Consider Venezuela.​   Short of North Korea, this is about as bad as economic policy can get.  A Heritage Foundation report out yesterday contains a litany of the bad ideas of the just-ended Chavez era:  doubling in size of the state sector over 13 years; government deficits increasing to 15% of GDP in the most recent period; rampant inflation accompanied by exchange controls, black markets for currency, and allocation of currency at official rates to government cronies; bureaucratic interference in the judicial system; subsidies to favored products (gasoline in this case); etc., etc.

​What have been the results?  in the real economy, bad.  "There are scarcities of nearly all staple food and fuel products. . . .   Venezuela faces the most severe food shortages in four years. . . .  [O]ver the past 10 years inflation in food and nonalcoholic beverages is 1,284%."  In official economic statistics, not nearly that bad, but still bad:  "Between 1999 and 2012, average annual per capita growth was just 1.1 percent. . . ."  That's from the IMF, which of course counts all government spending at 100 cents on the dollar in measuring GDP.  When wasteful government spending has just exploded, that methodology gives a wildly misleading picture of the real economy.  If you gave government spending an appropriate discount of 50% or more in calculating GDP, then almost certainly the correct number for Venezuela's GDP  "growth" over the last 13 years is negative, although Venezuelans are not told that.  And meanwhile, the Chavista candidate just won a new six year term, although very narrowly. 

Still, terms like "economic collapse" are very strong.  Even with the hugely counterproductive policies of the Chavez regime, what Venezuela has experienced is really a gradual decline, a slow slide into economic irrelevance.  By comparison to Venezuela, California's new high tax rates are only a pale imitation of the medley of disastrous policies pursued by the Chavistas.​

Similarly, consider the UK in the pre-Thatcher era.  As discussed by me a few days ago here and in the linked Wikipedia article, the policies of the preceding Labor governments included ​nationalization of most major industry, high government spending, special political status for labor unions, repeated Keynesian "stimulus" programs, and price controls (then known as "incomes policy").  According to a 2011 article in the Economist, the top marginal income tax rate in the UK pre-Thatcher was 83% (an additional tax on investment income could lead to a top rate of 98%!); Thatcher reduced the 83% to 40% between 1979 and 1988.  But even with those incredible rates for long periods in the 60s and 70s, it's not like everyone picked and left, or like the economy experienced sudden collapse.  Instead, they had what the Economist calls "the dawn of stagnation."  England became the "sick man of Europe," with a prolonged era of little-to-no economic growth (again, likely negative if government spending were accounted for reasonably in GDP instead of at 100 cents on the dollar). 

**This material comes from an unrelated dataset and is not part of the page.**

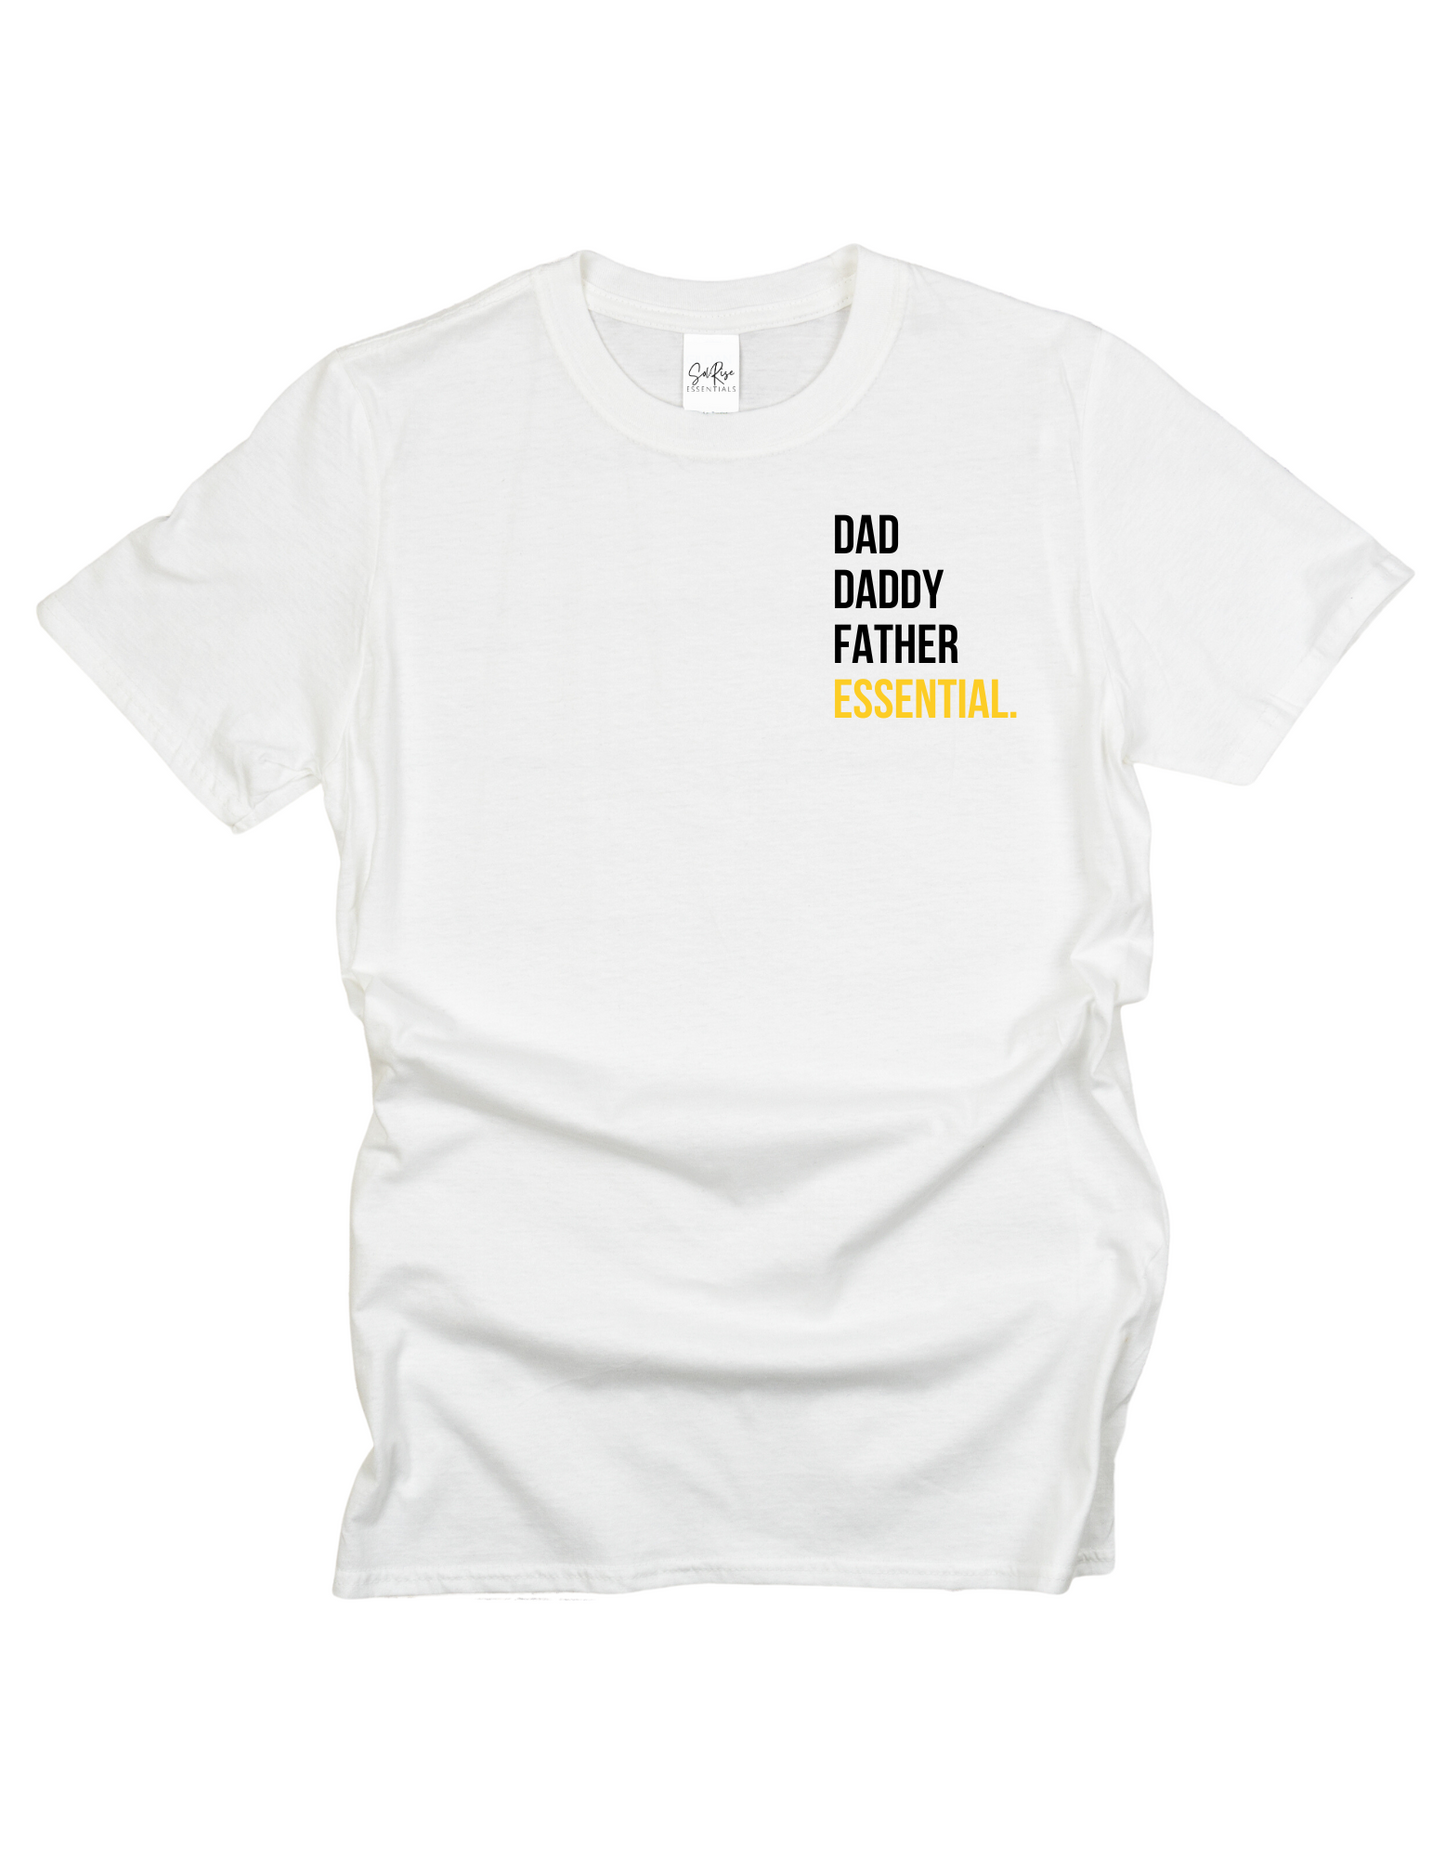 Essential Dad tee from Sol Rise Essentials - fathers day tshirt for great dads in color white

Or closer to home, consider New York.  It's hard to say that New York City is not doing rather well today, after 20 years of at least nominally Republican mayors.  Public safety is hugely improved over that time, and taxes have at least been kept somewhat under control.  But still, with a top income tax rate of near 13% (combining New York State and City rates), New York is being far outpaced in growth by lower tax jurisdictions.  People want to live in big, happening cities, and in other countries throughout the world, the main business capitals are booming relative to the rest of the country they are in (think any place from London to Shanghai to Bangalore to Moscow).   New York is holding its own, but it could be doing far better, if only it had just reasonably competitive economic and tax policy.  And upstate New York, saddled with the high taxes but lacking the allure of the big city, is in a slow death spiral.

​But here's the hardest thing to understand:  In places with bad economic policies, and suffering ongoing relative economic decline, somehow the grip of the political class gets tighter and tighter, and the possibilities of effecting change through the voting booth become less and less.  Those receiving state handouts come to perceive their well-being as coming from the handouts, even as nations or regions surrounding them achieve superior economic performance for all without the handouts.​  So New York and Chicago, and Detroit, and Philadelphia, and very likely now California go into gradual relative economic decline, and continue to decline for decades, but even as their decline becomes more and more obvious to anyone following the data the voters in these jurisdictions vote in higher and higher percentages for the continuation of the policies of high taxes and handouts that brought about the decline.   It's the political genius of Progressivism.